ぼくたちは最短ルートで高山の家に向かった。ルートの選択肢は、元々これしかなかった。できるなら錯乱患者のいる場所を迂回したかったが、どこに錯乱患者がいるかなんて分からない。どのルートをとってもリスクは似たようなものだから、それなら最短ルートで行くべきだった。

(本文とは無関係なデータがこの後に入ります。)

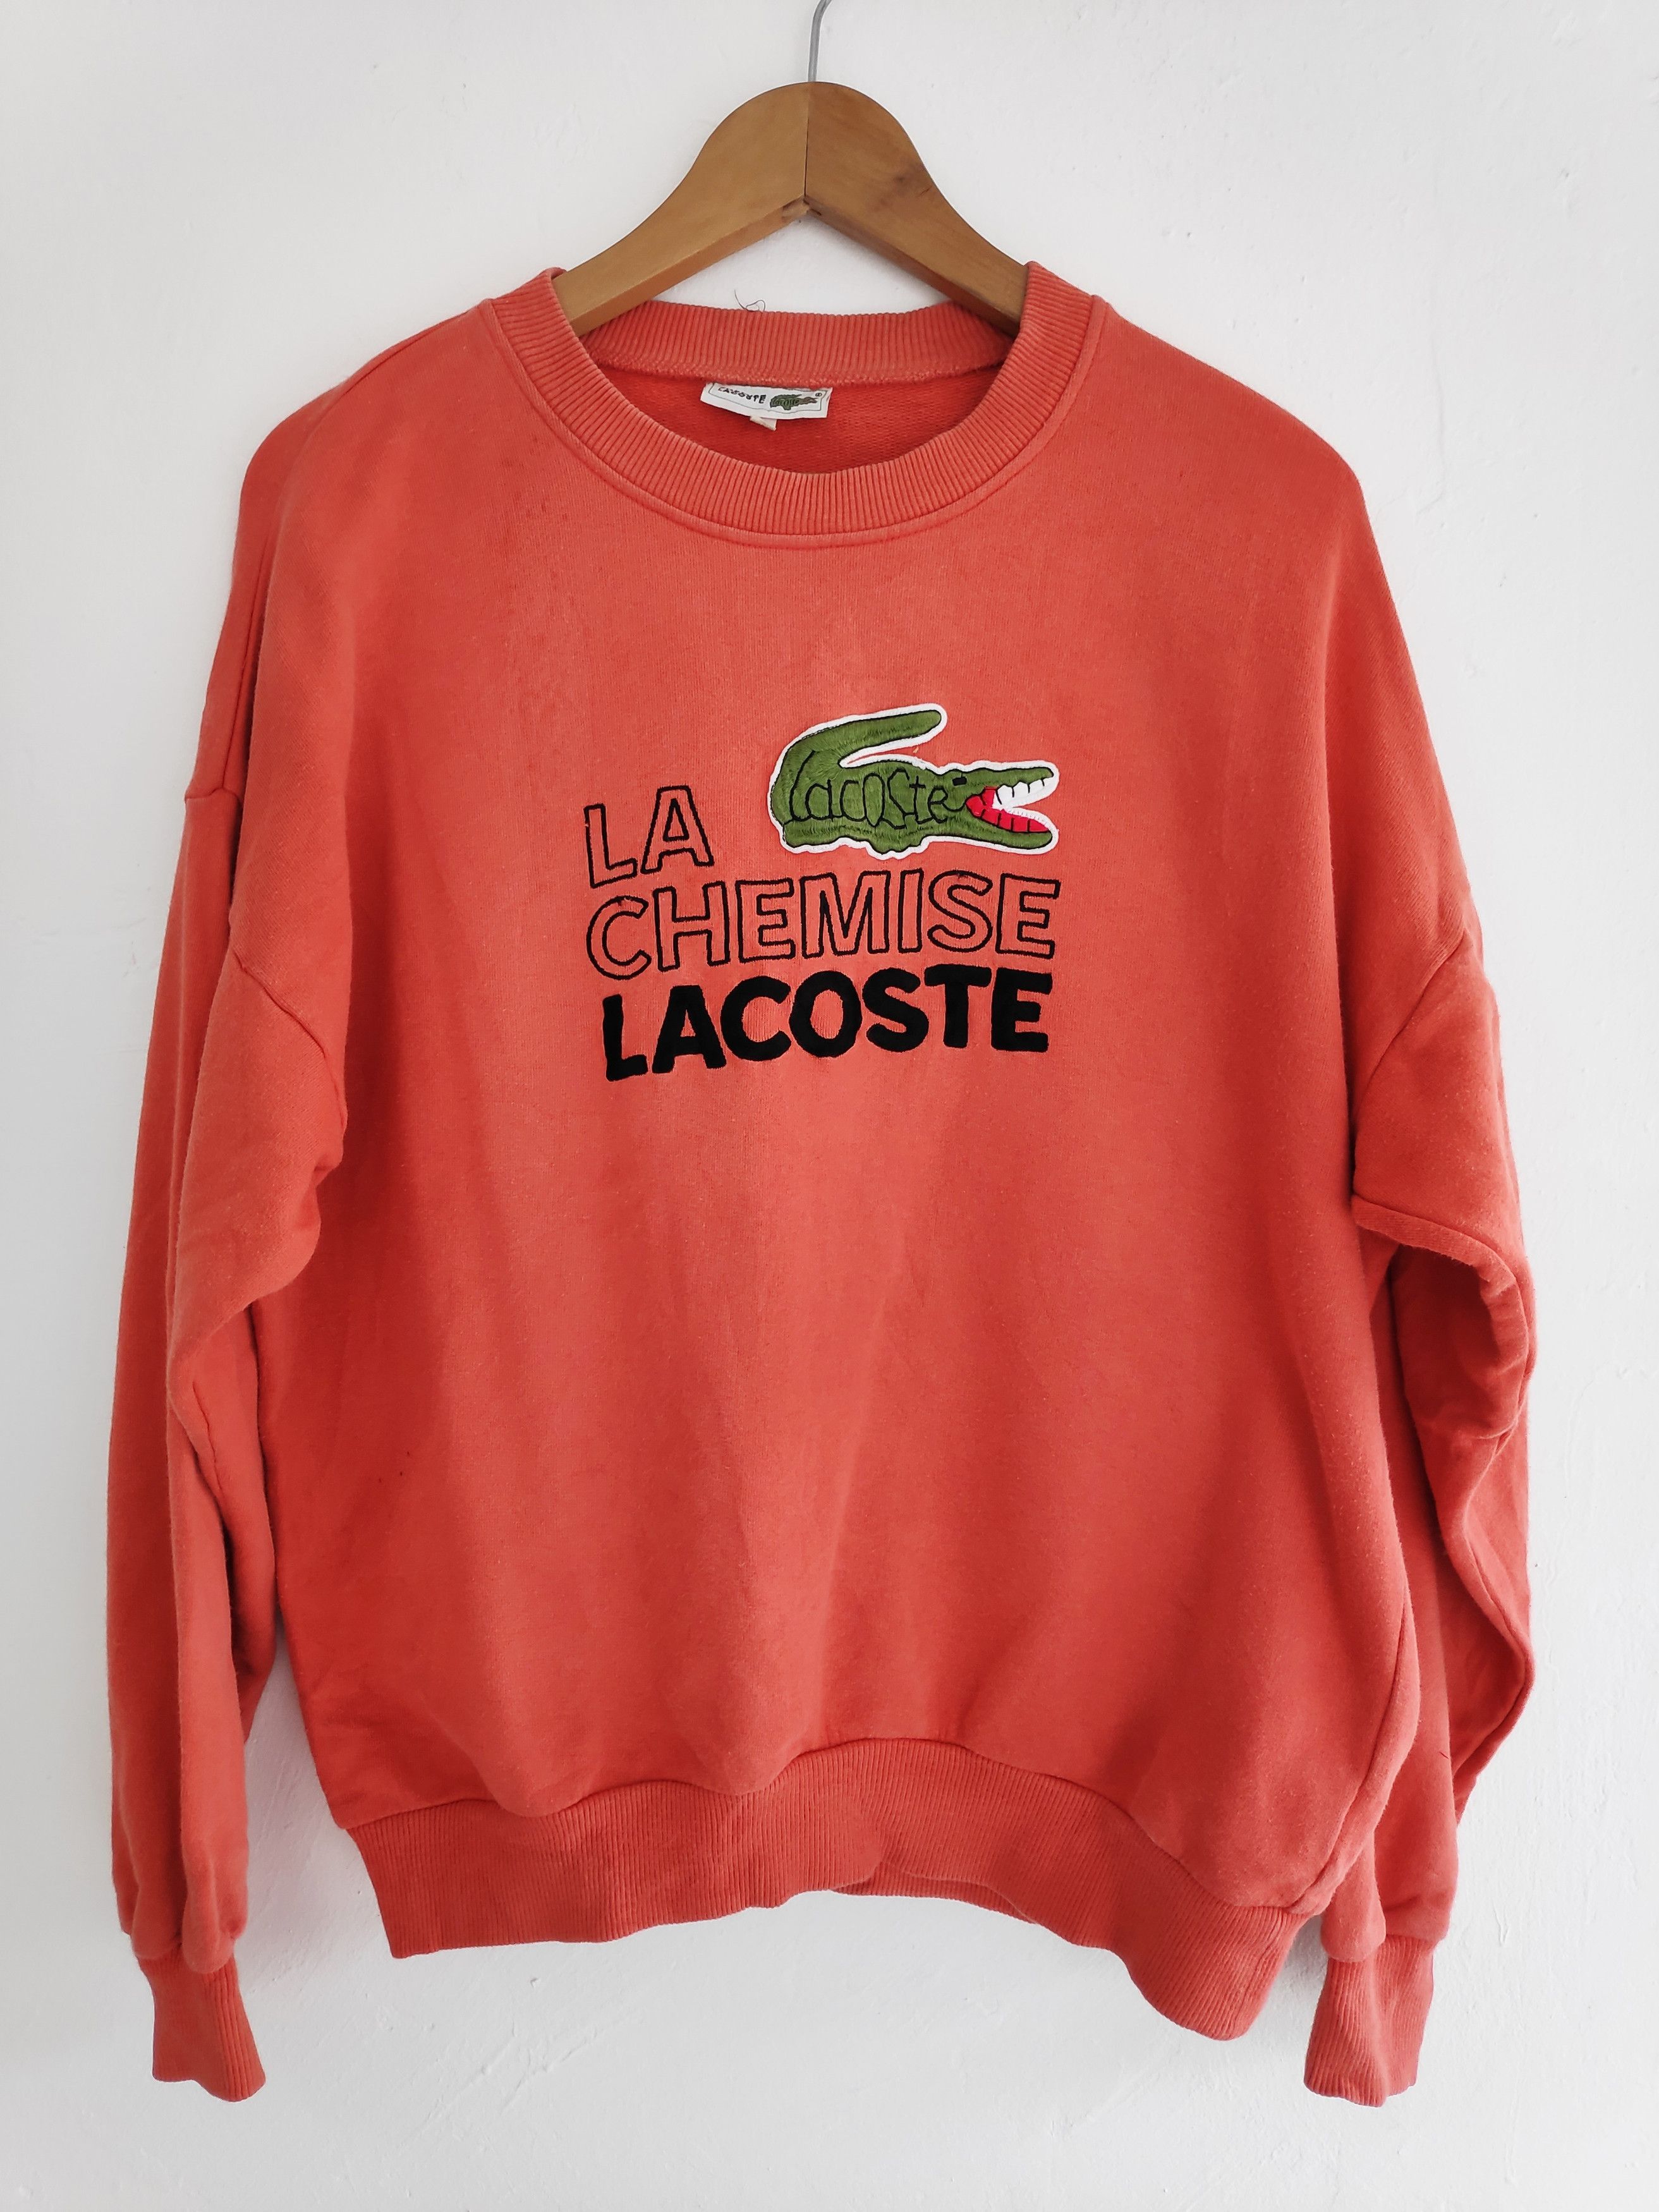 Vintage Vintage LA Chemise Lacoste Paris Sweatshirt Embroidery logo Large size Grailed

意外に順調に歩いていたが、途中の信号交差点で、交差道路のすぐ近くに錯乱患者がいた時は文字通り死ぬかと思った。幸いそいつはこちらに背を向けて立っていたので、ぼくたちは少し震えながら忍び足で通り過ぎた。
「こっち――ここ曲がって」
警察署の通りから細い道に入り込んだ先――なんだかそばに寄って来がちな高山を意識しつつ歩いてきたが、その先の見えない曲がり角に緊張して立ち止まり、それからなけなしの勇気をはたいて顔を出した。
――誰もいない。
高山のほうを見てうなづくと、高山はほっとしたように笑顔になってまた寄ってきた。
「ここ、角の家。よかった、ふたりで着けたね」
その家は小ぢんまりとした日本家屋だった。門の脇に「高山」と書かれた表札がある。
いつも学校で、背が高くてきれいな顔立ちで笑顔がやさしい高山を見ていて、何となく洋風で新しそうな家に住んでいそうだと思っていたから、これは意外だった。
門は閉じられ、玄関も閉まっている。脱出する際に閉めていったとのことだから、知能のない錯乱患者は入ってきていないはずだ。

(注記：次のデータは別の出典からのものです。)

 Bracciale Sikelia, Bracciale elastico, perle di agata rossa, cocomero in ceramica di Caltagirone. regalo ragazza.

ぼくの前に出て門を開けた高山の後について、前庭に入った。高山がすぐ門を閉め、安全を確保する。
――うん?
ちょっと待てよ、玄関が閉まっているが……鍵は開いているのか――?
しかし高山は振り返ってちょっと得意げに笑い――ポケットから鍵を取り出した。
「えへへ……いつもの癖で、出るときに持ってきちゃってた」
・・・・・・
そしてその家はぼくたちを迎え入れ、それからしばらくの間、ぼくたちに穏やかな暮らしを与えてくれた。
あの時、玄関が開かなかったらぼくたちふたりはどうなっていただろう。